I’ll keep this one brief for once!
I spent the past several days working on a solution to get high quality trees both looking and performing well. Aside from setting up the art assets themselves a big effort went into creating a high performance LOD system that could handle enormous amounts of objects without slowing things down. LOD means “Level of Detail” and is a common concept in game development. The idea is that objects that are closer to the camera are more detailed while those that are further away are more simplistic and less detailed. The goal is to improve rendering performance while still producing as seamless an experience for the player as possible. LOD in general should not be very noticeable by the player.
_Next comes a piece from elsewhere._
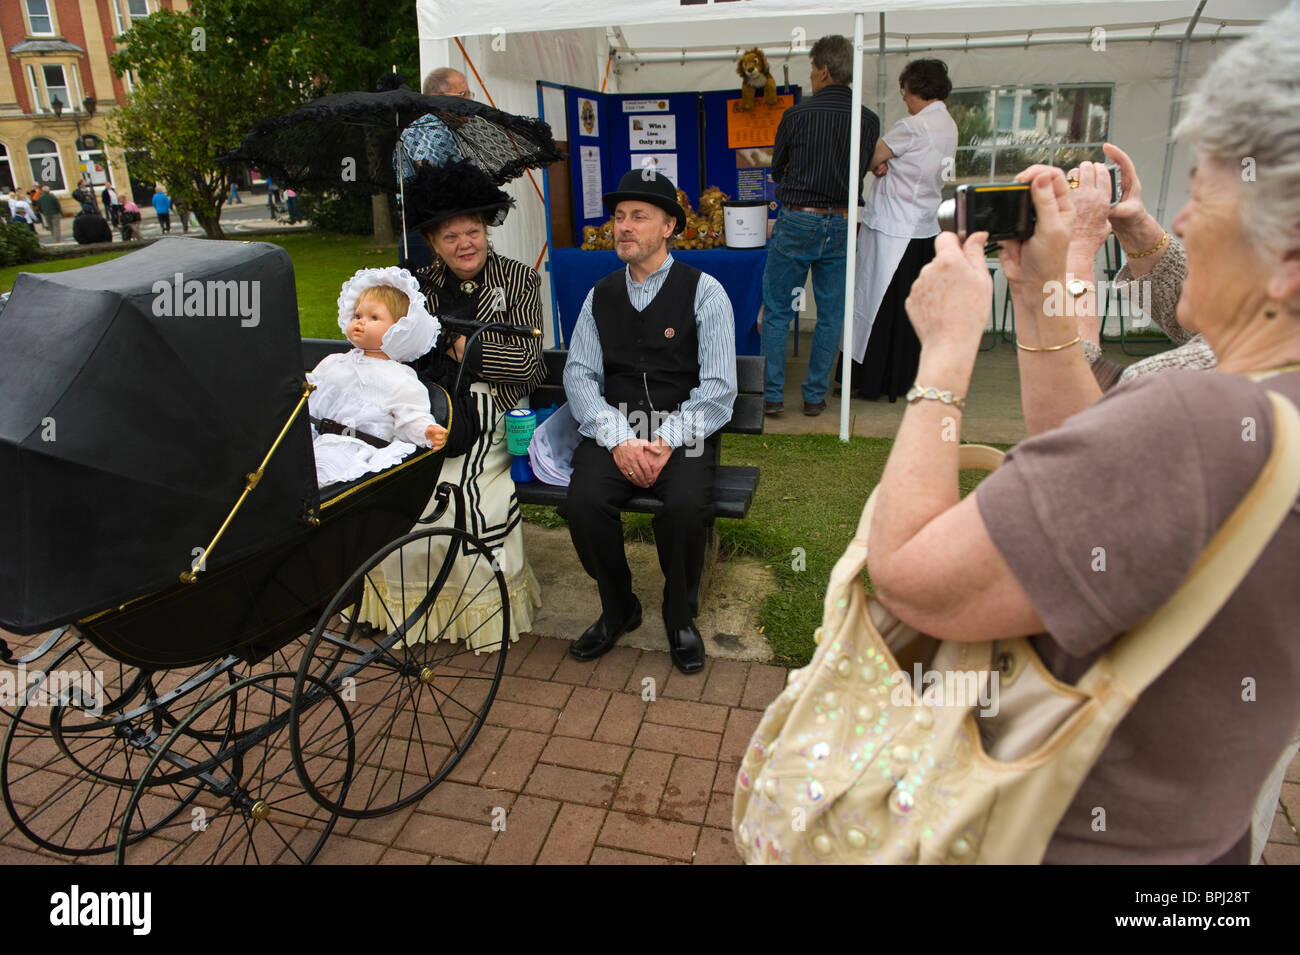 Family with baby in pram in period costume being photographed at the Victorian Festival in Llandrindod Wells Powys Mid Wales UK Stock Photo

I started off working on the code and implementing a solution that was extremely fast. Here’s a video of the first iteration of development:
Blocks that appear in green represent the highest detail level, those in blue a level below green, those in yellow a level below blue and finally red representing the lowest detail level. Realistically not every object in the game will have the same number of detail levels. Some may have 2, others may have 4 or 5. The system had to be created in such a way that it would transition appropriately regardless of how many actual detail levels existed for any particular object. I also wanted it to be able to scale to hundreds of thousands of objects and have minimal impact on the CPU, garbage collection, memory use and other system resources that would slow the game down.
After a lot of work I was able to go from the block demo in the first video to a test with 250,000 high detail trees loaded at once and each randomly rotated. So far I’m pleased with the result. Note that there’s no editing in this video. Everything was recorded in real time to demonstrate the speed and performance of the new LOD system (which I’m calling RealmLOD internally — creative name right?).
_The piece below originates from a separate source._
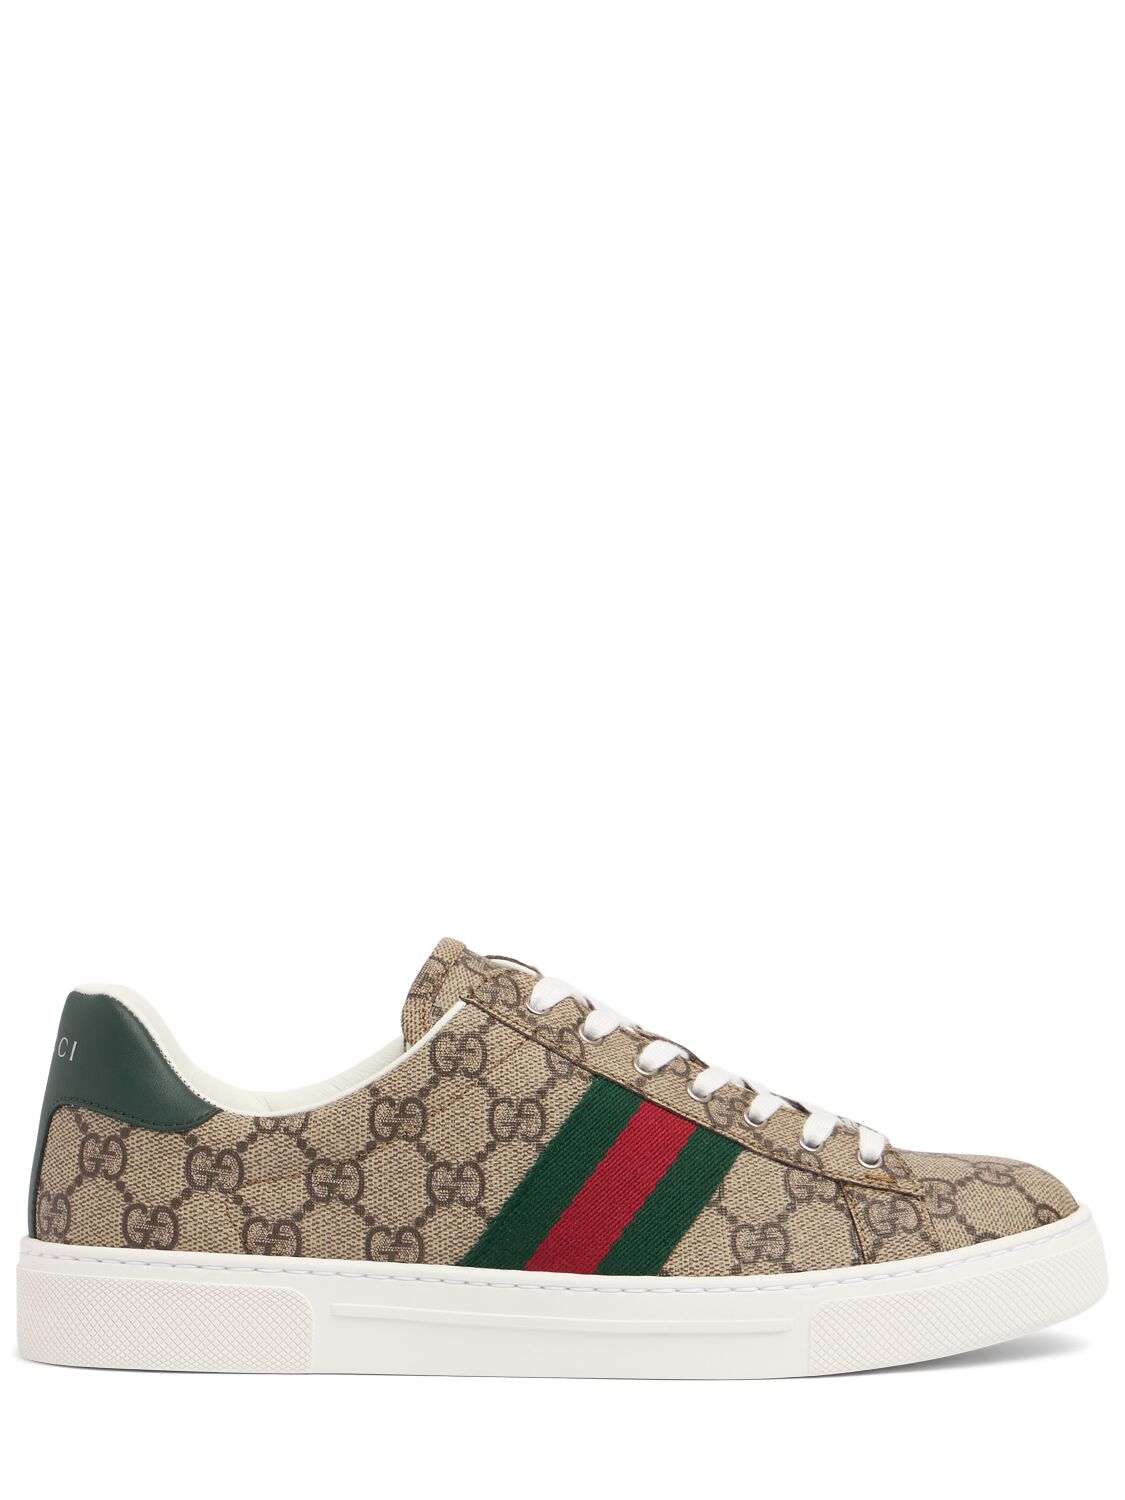 Image of 30mm Gucci Ace Canvas Trainer Sneakers

We don’t plan on having any areas with hundreds of thousands of trees (or anything else for that matter) packed together at the same time but this stress test helped validate the performance of the system. It should easily handle what we have planned for realistic numbers of environment objects.
Hope you enjoyed this peak into the ongoing internal development of Realm Explorer. Share your thoughts in the comments!
EDIT:
After re-watching the video on youtube I noticed that unfortunately the video quality came out really bad. It may give at least a little idea of the performance (there’s no lag at all) but it definitely doesn’t give a good impression of the visual quality of the environment.